Transcribe, verbatim, every line from the start of the entries through the line that contains "Dos personas jóvenes"; include both boundary lines and omit all others.

━━ PROVIDED DATA ━━

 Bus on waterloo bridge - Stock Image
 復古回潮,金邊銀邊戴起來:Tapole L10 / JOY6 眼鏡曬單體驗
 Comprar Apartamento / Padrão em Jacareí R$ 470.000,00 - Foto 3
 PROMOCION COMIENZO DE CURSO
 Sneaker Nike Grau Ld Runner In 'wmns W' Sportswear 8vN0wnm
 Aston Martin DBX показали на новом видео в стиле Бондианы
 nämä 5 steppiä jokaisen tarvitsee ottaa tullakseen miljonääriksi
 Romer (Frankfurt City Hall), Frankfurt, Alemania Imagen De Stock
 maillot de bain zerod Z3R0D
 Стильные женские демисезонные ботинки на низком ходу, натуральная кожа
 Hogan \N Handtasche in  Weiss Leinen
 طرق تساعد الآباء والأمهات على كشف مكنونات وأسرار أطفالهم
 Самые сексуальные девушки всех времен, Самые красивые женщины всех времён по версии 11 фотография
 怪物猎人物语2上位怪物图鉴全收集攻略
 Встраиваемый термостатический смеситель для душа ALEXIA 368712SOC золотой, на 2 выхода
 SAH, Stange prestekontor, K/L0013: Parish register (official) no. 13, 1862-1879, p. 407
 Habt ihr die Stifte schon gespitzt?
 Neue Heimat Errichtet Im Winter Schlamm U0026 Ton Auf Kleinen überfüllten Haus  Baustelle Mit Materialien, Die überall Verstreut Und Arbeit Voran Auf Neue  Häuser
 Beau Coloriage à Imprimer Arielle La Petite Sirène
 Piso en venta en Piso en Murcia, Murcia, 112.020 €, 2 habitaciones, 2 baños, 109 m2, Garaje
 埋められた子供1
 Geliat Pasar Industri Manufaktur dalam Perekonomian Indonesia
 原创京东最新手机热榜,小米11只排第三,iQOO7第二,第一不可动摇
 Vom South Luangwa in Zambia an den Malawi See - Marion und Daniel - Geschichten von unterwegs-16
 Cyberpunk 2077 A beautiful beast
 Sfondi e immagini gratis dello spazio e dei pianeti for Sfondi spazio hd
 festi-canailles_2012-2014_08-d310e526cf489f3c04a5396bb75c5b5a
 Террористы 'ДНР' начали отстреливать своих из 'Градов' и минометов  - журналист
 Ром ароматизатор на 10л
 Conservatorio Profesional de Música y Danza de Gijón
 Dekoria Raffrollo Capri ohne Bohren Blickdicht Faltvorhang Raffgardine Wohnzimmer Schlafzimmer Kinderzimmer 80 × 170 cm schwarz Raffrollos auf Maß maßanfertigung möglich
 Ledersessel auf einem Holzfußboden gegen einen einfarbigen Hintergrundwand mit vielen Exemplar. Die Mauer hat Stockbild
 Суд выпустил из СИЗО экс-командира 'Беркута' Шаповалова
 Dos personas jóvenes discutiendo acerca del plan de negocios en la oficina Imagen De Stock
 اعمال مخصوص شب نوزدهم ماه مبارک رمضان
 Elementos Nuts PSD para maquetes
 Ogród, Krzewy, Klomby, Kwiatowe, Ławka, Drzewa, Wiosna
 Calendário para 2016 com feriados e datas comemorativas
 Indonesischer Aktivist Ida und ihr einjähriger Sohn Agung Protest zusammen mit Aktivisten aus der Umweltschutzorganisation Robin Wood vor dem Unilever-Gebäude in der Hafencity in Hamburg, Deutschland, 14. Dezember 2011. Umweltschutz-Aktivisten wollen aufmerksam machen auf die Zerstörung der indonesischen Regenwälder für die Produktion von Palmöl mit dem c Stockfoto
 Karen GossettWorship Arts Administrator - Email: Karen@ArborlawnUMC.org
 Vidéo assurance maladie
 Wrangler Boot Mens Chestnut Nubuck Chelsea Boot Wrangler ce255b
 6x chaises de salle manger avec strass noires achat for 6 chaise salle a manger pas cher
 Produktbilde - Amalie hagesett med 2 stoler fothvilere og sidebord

━━━

ANSWER TO THE PROBLEM:
 Bus on waterloo bridge - Stock Image
 復古回潮,金邊銀邊戴起來:Tapole L10 / JOY6 眼鏡曬單體驗
 Comprar Apartamento / Padrão em Jacareí R$ 470.000,00 - Foto 3
 PROMOCION COMIENZO DE CURSO
 Sneaker Nike Grau Ld Runner In 'wmns W' Sportswear 8vN0wnm
 Aston Martin DBX показали на новом видео в стиле Бондианы
 nämä 5 steppiä jokaisen tarvitsee ottaa tullakseen miljonääriksi
 Romer (Frankfurt City Hall), Frankfurt, Alemania Imagen De Stock
 maillot de bain zerod Z3R0D
 Стильные женские демисезонные ботинки на низком ходу, натуральная кожа
 Hogan \N Handtasche in  Weiss Leinen
 طرق تساعد الآباء والأمهات على كشف مكنونات وأسرار أطفالهم
 Самые сексуальные девушки всех времен, Самые красивые женщины всех времён по версии 11 фотография
 怪物猎人物语2上位怪物图鉴全收集攻略
 Встраиваемый термостатический смеситель для душа ALEXIA 368712SOC золотой, на 2 выхода
 SAH, Stange prestekontor, K/L0013: Parish register (official) no. 13, 1862-1879, p. 407
 Habt ihr die Stifte schon gespitzt?
 Neue Heimat Errichtet Im Winter Schlamm U0026 Ton Auf Kleinen überfüllten Haus  Baustelle Mit Materialien, Die überall Verstreut Und Arbeit Voran Auf Neue  Häuser
 Beau Coloriage à Imprimer Arielle La Petite Sirène
 Piso en venta en Piso en Murcia, Murcia, 112.020 €, 2 habitaciones, 2 baños, 109 m2, Garaje
 埋められた子供1
 Geliat Pasar Industri Manufaktur dalam Perekonomian Indonesia
 原创京东最新手机热榜,小米11只排第三,iQOO7第二,第一不可动摇
 Vom South Luangwa in Zambia an den Malawi See - Marion und Daniel - Geschichten von unterwegs-16
 Cyberpunk 2077 A beautiful beast
 Sfondi e immagini gratis dello spazio e dei pianeti for Sfondi spazio hd
 festi-canailles_2012-2014_08-d310e526cf489f3c04a5396bb75c5b5a
 Террористы 'ДНР' начали отстреливать своих из 'Градов' и минометов  - журналист
 Ром ароматизатор на 10л
 Conservatorio Profesional de Música y Danza de Gijón
 Dekoria Raffrollo Capri ohne Bohren Blickdicht Faltvorhang Raffgardine Wohnzimmer Schlafzimmer Kinderzimmer 80 × 170 cm schwarz Raffrollos auf Maß maßanfertigung möglich
 Ledersessel auf einem Holzfußboden gegen einen einfarbigen Hintergrundwand mit vielen Exemplar. Die Mauer hat Stockbild
 Суд выпустил из СИЗО экс-командира 'Беркута' Шаповалова
 Dos personas jóvenes discutiendo acerca del plan de negocios en la oficina Imagen De Stock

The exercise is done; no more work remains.